Aim of the task.
When you write out the listing below, keep each word exactly as it stands and drop the pictures.

Data section.
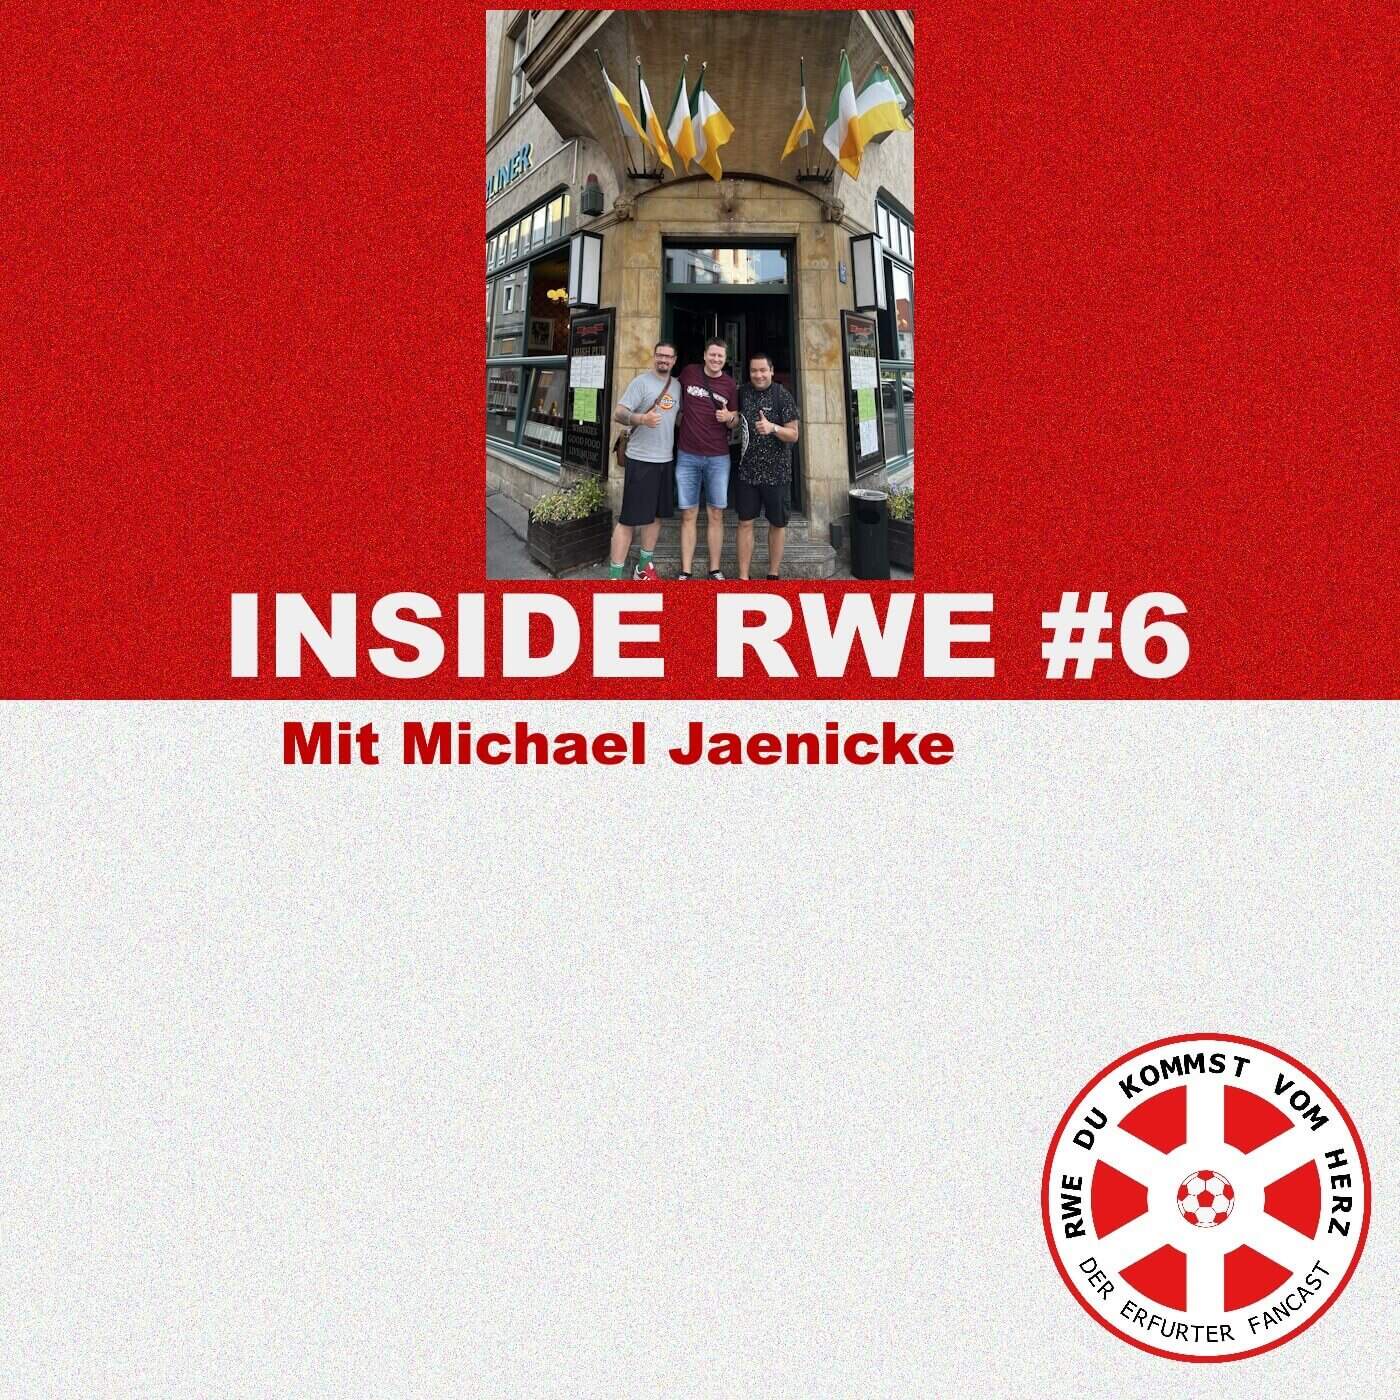 #59 INSIDE RWE #6 Mit Michael Jaenicke
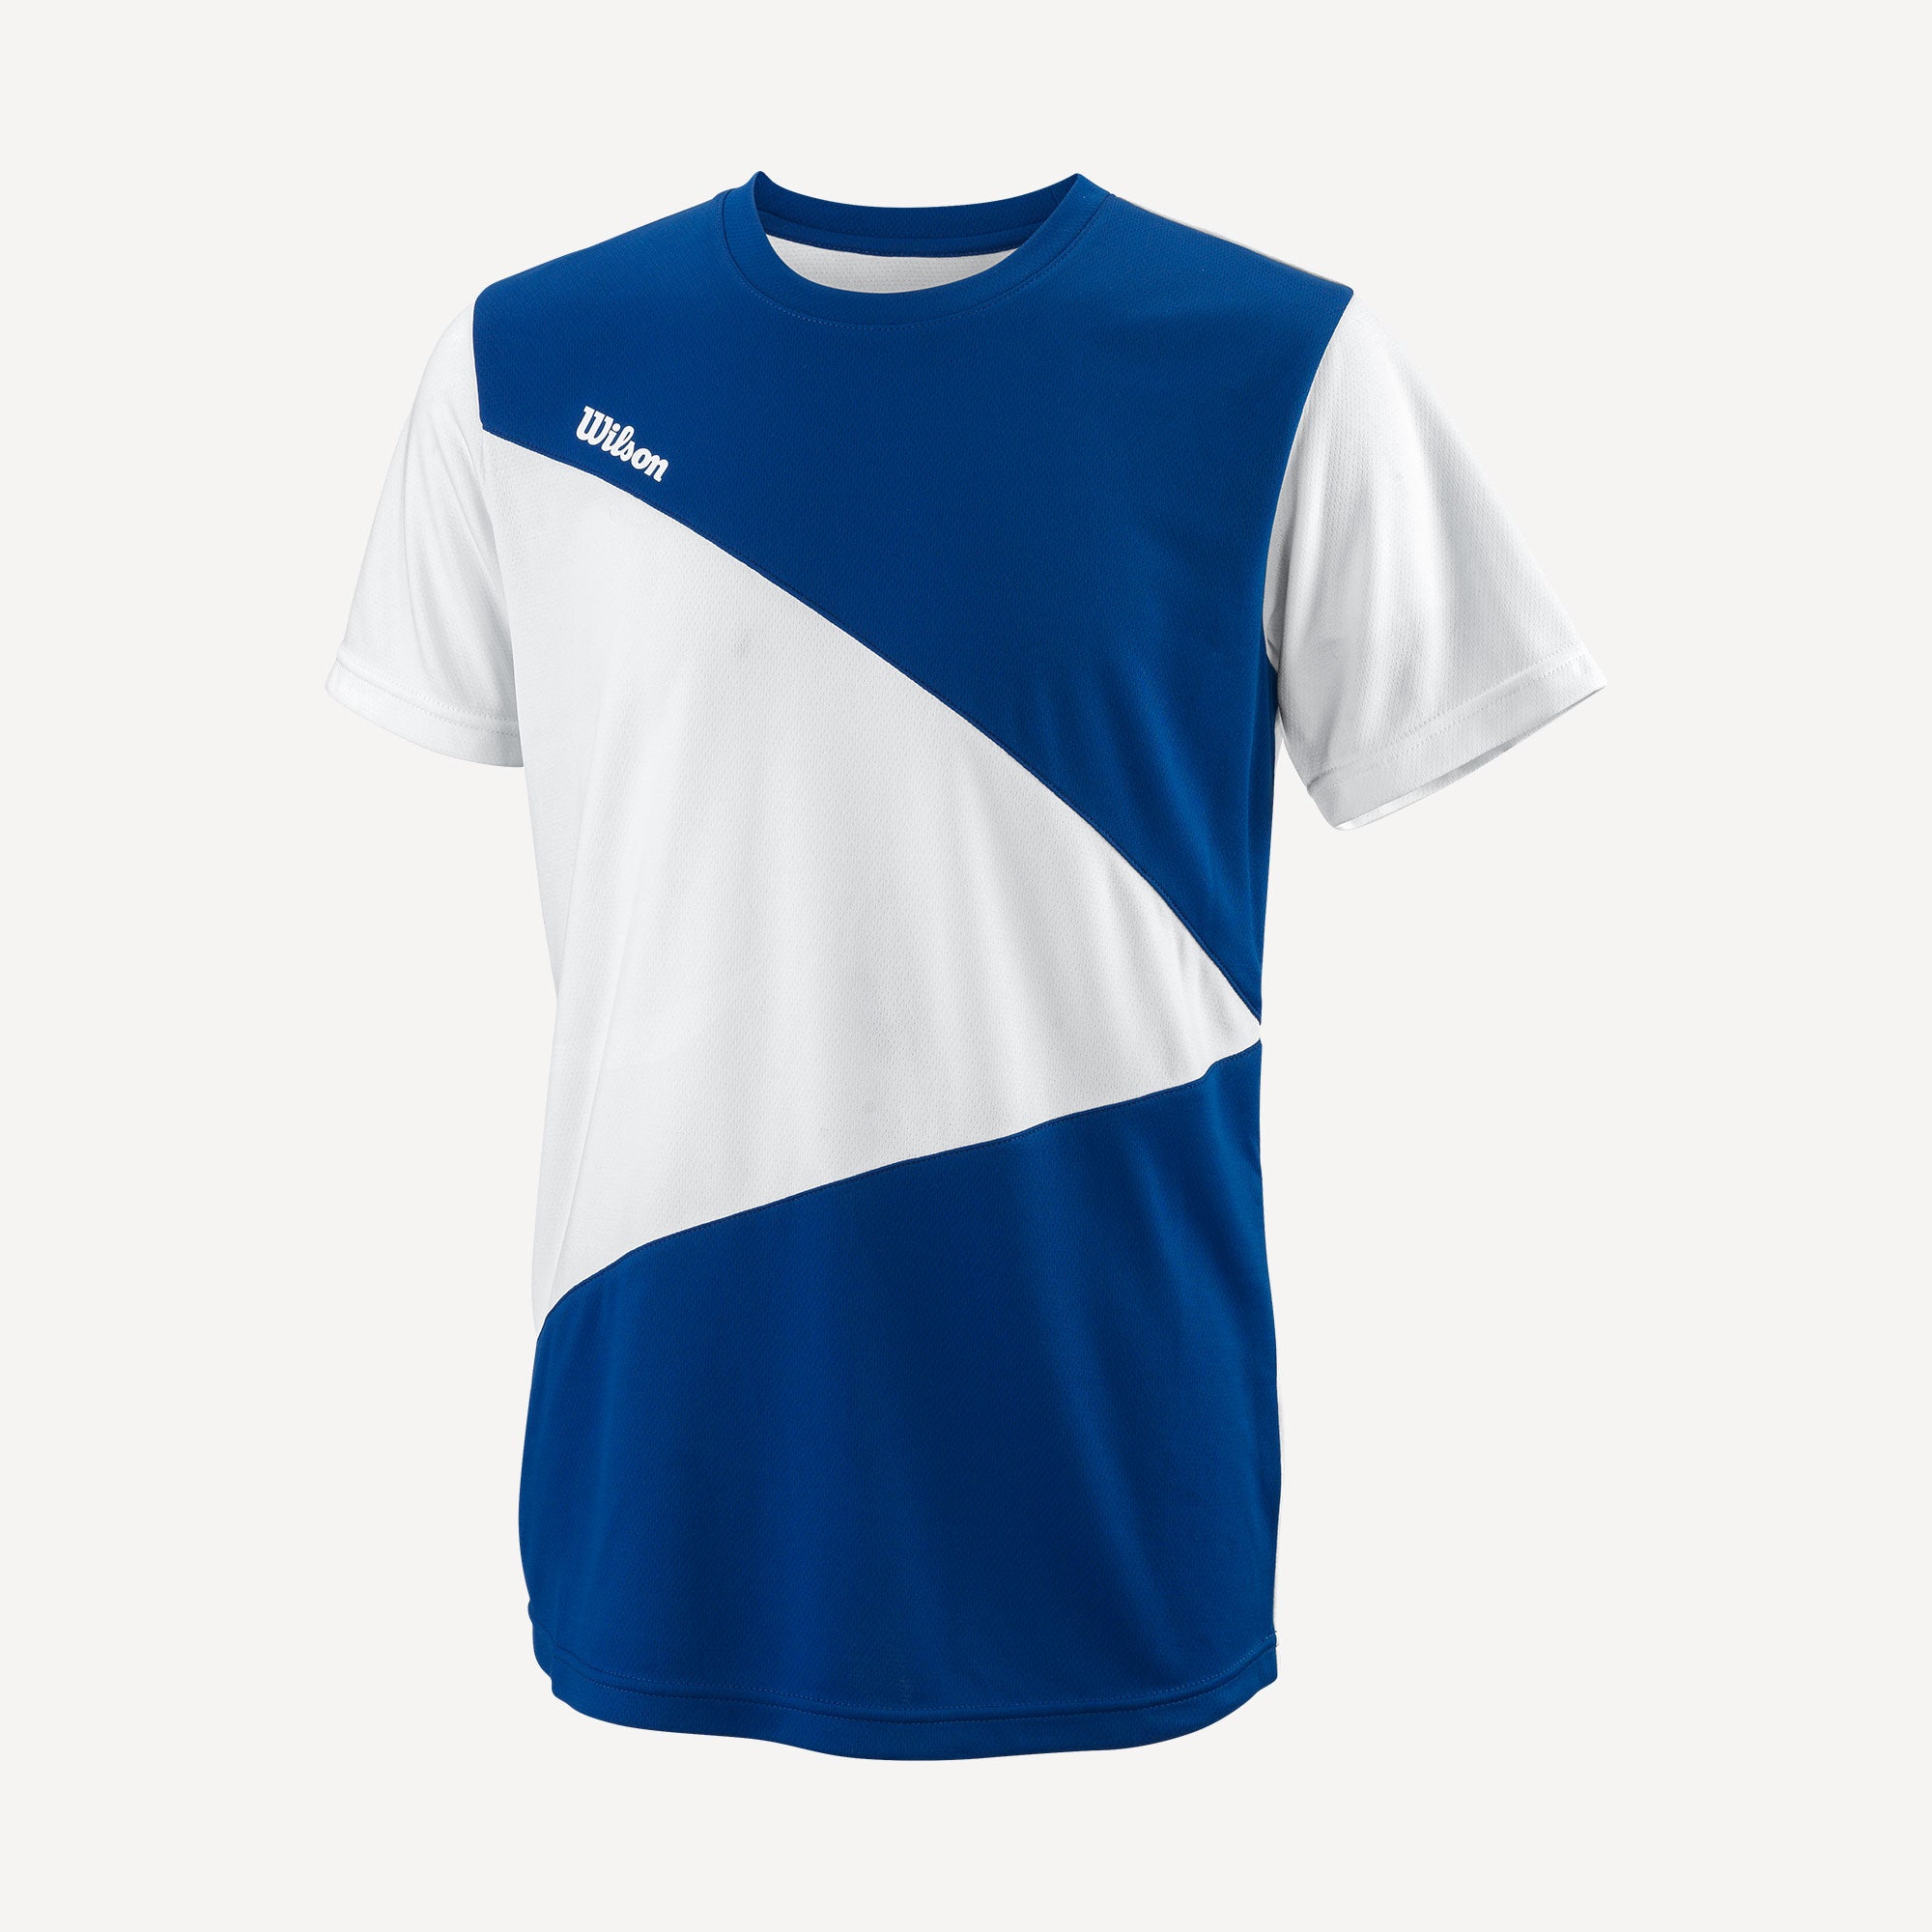 Wilson Team 2 Boys' Triangle Tennis Shirt Blue (1)
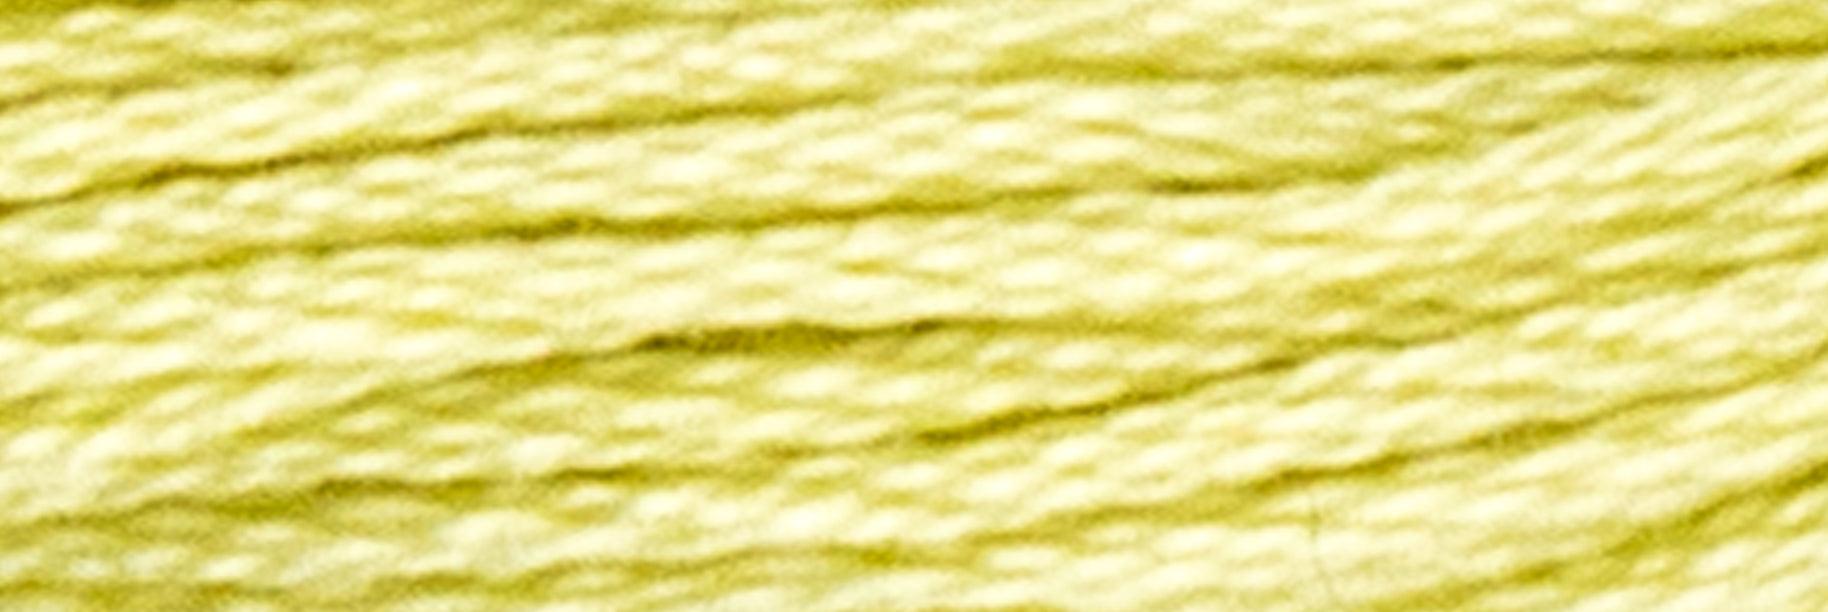 Stranded Cotton Luca-S - 306 / DMC 10 / Anchor X - Luca-S Stranded Cotton
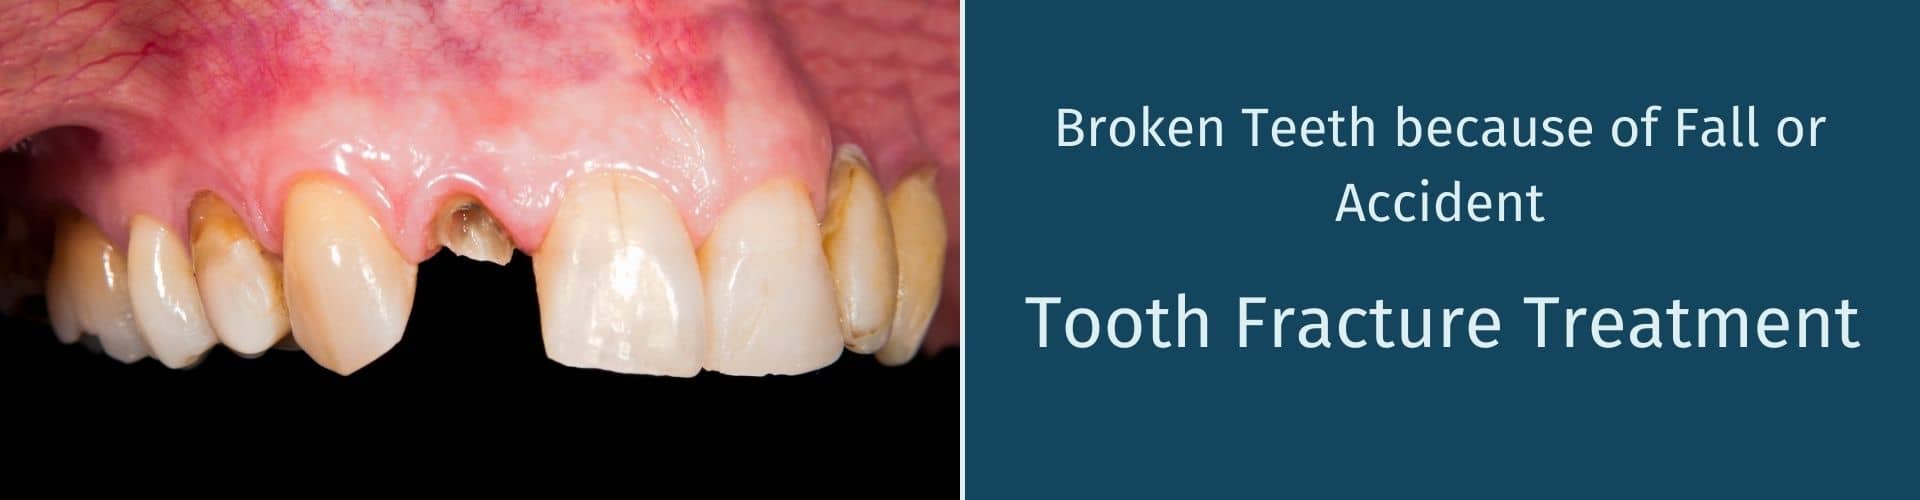 Tooth Fracture Treatment Delhi

Answer section.
 #59 INSIDE RWE #6 Mit Michael Jaenicke
 Wilson Team 2 Boys' Triangle Tennis Shirt Blue (1)
 Stranded Cotton Luca-S - 306 / DMC 10 / Anchor X - Luca-S Stranded Cotton
 Tooth Fracture Treatment Delhi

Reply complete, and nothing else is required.